NAC disruption delays and reduces polyglutamine aggregation
Intrigued by these results, we investigated the aggregation of htt-103Q. While the exact mechanism by which polyQ-expanded htt causes toxicity is unknown, we know the aggregation of polyQ is a contributing factor and marker of toxicity [32]. To visualize htt-103Q aggregation in egd1Δbtt1Δ and egd1Δegd2Δ we induced expression of the protein for 6 and 20 hours using a galactose inducible promoter. We then conducted microscopy and visualized the CFP-tagged htt-103Q protein. We saw significantly reduced aggregation in the egd1Δbtt1Δ strain as compared to WT and egd1Δegd2Δ at both 6 and 20 hours of induction (Fig 3A). WT cells expressing htt-103Q for 6 hours showed that an average of 37% of cells contained aggregates while only 4.5% of the egd1Δbtt1Δ cells contained aggregates (Fig 3B). Even after inducing expression of htt-103Q for 20 hours, 41% of WT cells contained aggregates while 13% of the egd1Δbtt1Δ cells contained aggregates (Fig 3C).
(A) WT and NAC deletion strains expressing Gal1-htt25Q-CFP or Gal1-htt103Q-CFP constructs were grown in selective media in the presence of 2% galactose for 6 and 20 hours. Two-dimensional z-stack images were taken with a Zeiss LSM 880 Airyscan Two-Photon Confocal Microscope with a 63x oil immersion objective. The egd1Δbtt1Δ strain showed a smaller population of cells with aggregates than the WT or egd1Δegd2Δ strains at both time points. (B) Quantification of percent cells expressing Gal1-htt25Q-CFP or Gal1-htt103Q-CFP constructs containing aggregates after 6 hours induction by 2% galactose in selective media. Significance was determined by Fisher’s exact test (**** = <0.0001). (C) Quantification of percent cells expressing Gal1-htt25Q-CFP or Gal1-htt103Q-CFP constructs containing aggregates after 20 hours induction by 2% galactose in selective media. Significance was determined by Fisher’s exact test (**** = p value<0.0001). (D) Representative images of cells with 0, 1, 2, or 3 aggregates. Microscopy of WT and NAC deletion strains expressing Gal1-htt25Q-CFP or Gal1-htt103Q-CFP constructs for 6 and 20 hours were evaluated based on this scale. (E) WT and NAC deletion strain cells expressing Gal1-htt103Q-CFP constructs for 6 or 20 hours and containing aggregates were evaluated as having 1, 2, or 3 or more aggregates. The resulting population distributions are represented as percentages in pie graphs.
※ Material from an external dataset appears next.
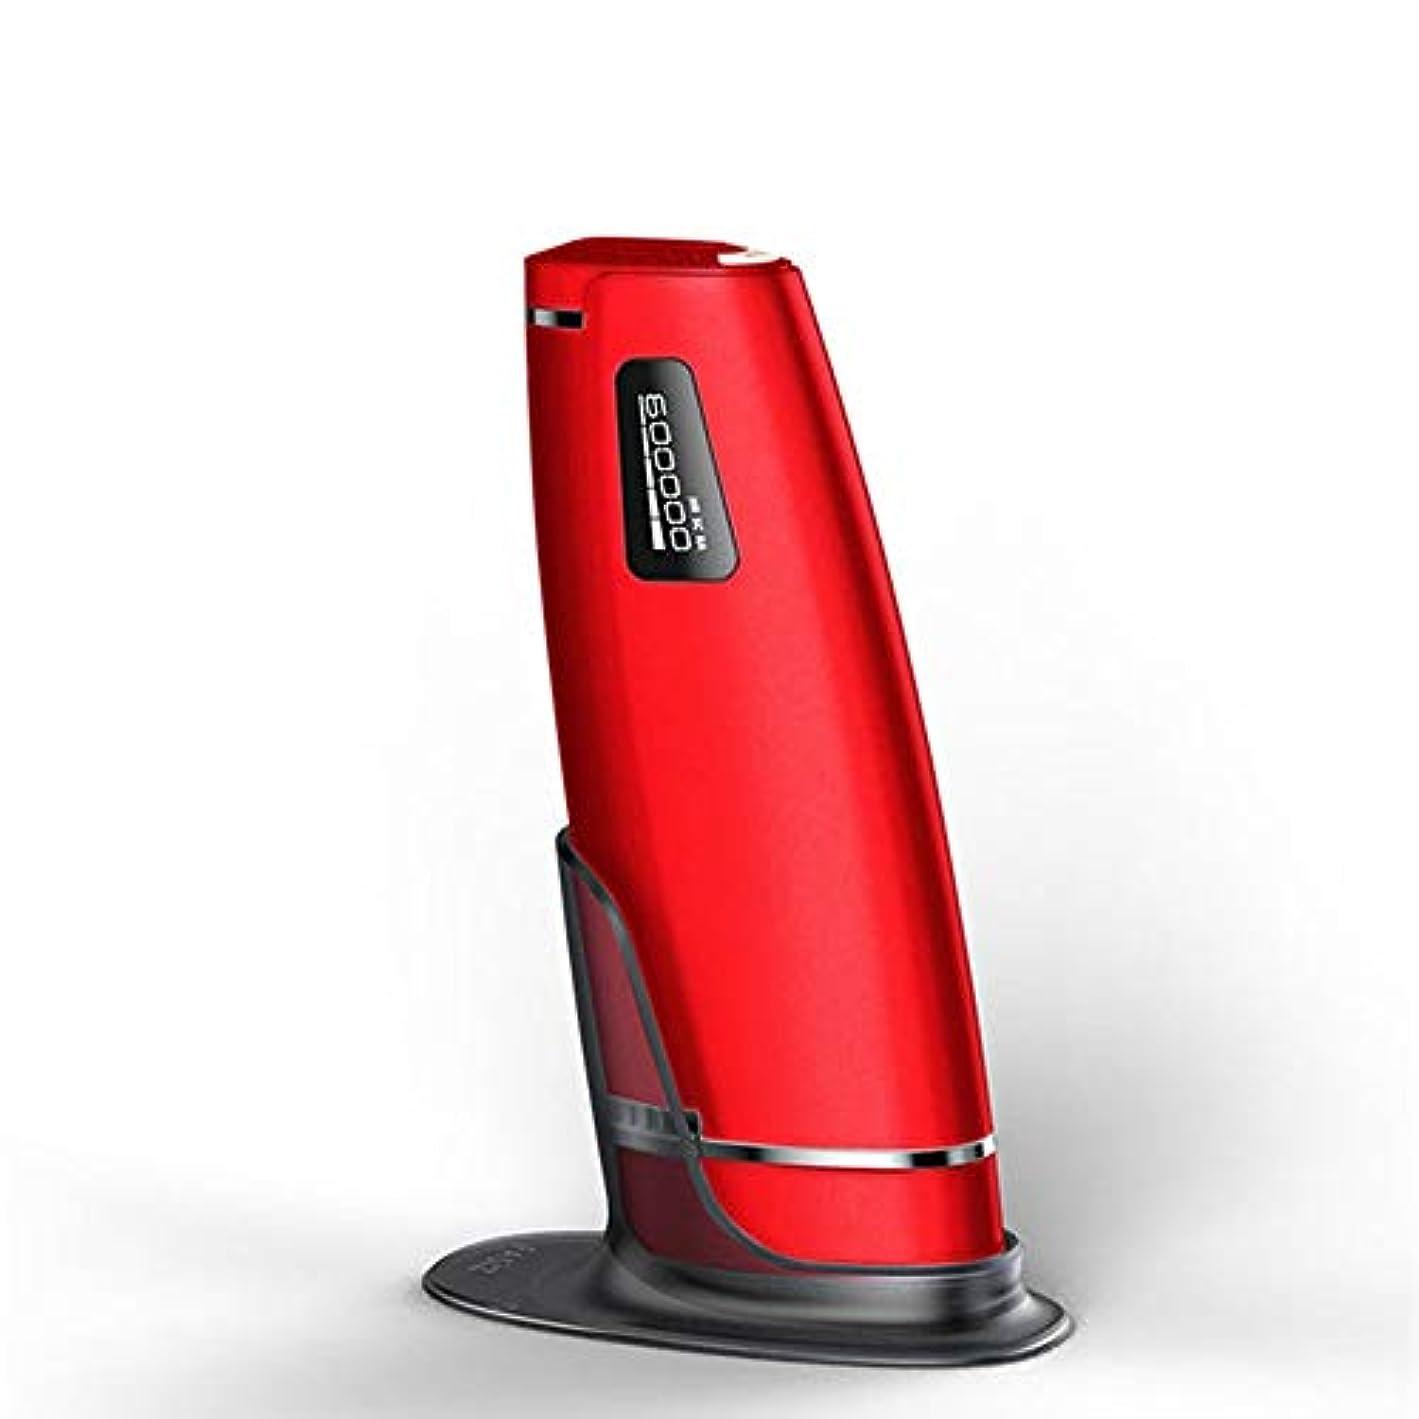 転送しおれた野菜Iku夫 赤、デュアルモード、ホームオートマチック無痛脱毛剤、携帯用永久脱毛剤、5スピード調整、サイズ20.5 X 4.5 X 7 Cm (Color : Red)

NAC disruption changes polyglutamine aggregate distribution
Interestingly, we saw morphological differences between the htt-103Q aggregates present in the mutant strains as compared to the aggregates in wild-type cells. To quantify aggregate phenotype, we evaluated each cell expressing htt-103Q and ranked them as 0-3 depending on the number of aggregates present in the cell (Fig 3D). These analyses were of keen interest, as many groups have hypothesized and shown that soluble polyglutamine oligomers are cytotoxic, while large insoluble, polyglutamine aggregate structures may pose less risk to cellular homeostasis [7, 33–35]. At 6 hours of htt-103Q induction, the aggregate populations in WT and egd1Δbtt1Δ aggregate populations were similar, as cells containing one aggregate comprise about half of the aggregate population in both strains (Fig 3E). However, cells containing three or more aggregates appear in 49% of cells with aggregates in the egd1Δegd2Δ strain at the 6-hour induction time point (Fig 3E). At 20 hours htt-103Q induction, aggregate populations observed in WT and egd1Δegd2Δ are similar (cells with one aggregate: 42% and 40%, two aggregates: 18% and 23%, and three or more aggregates: 39% and 37%) (Fig 3E). Conversely, the most abundant aggregate population in the egd1Δbtt1Δ strain after 20 hours of induction is one aggregate, which makes up 60% of the aggregate population in egd1Δbtt1Δ cells (Fig 3E).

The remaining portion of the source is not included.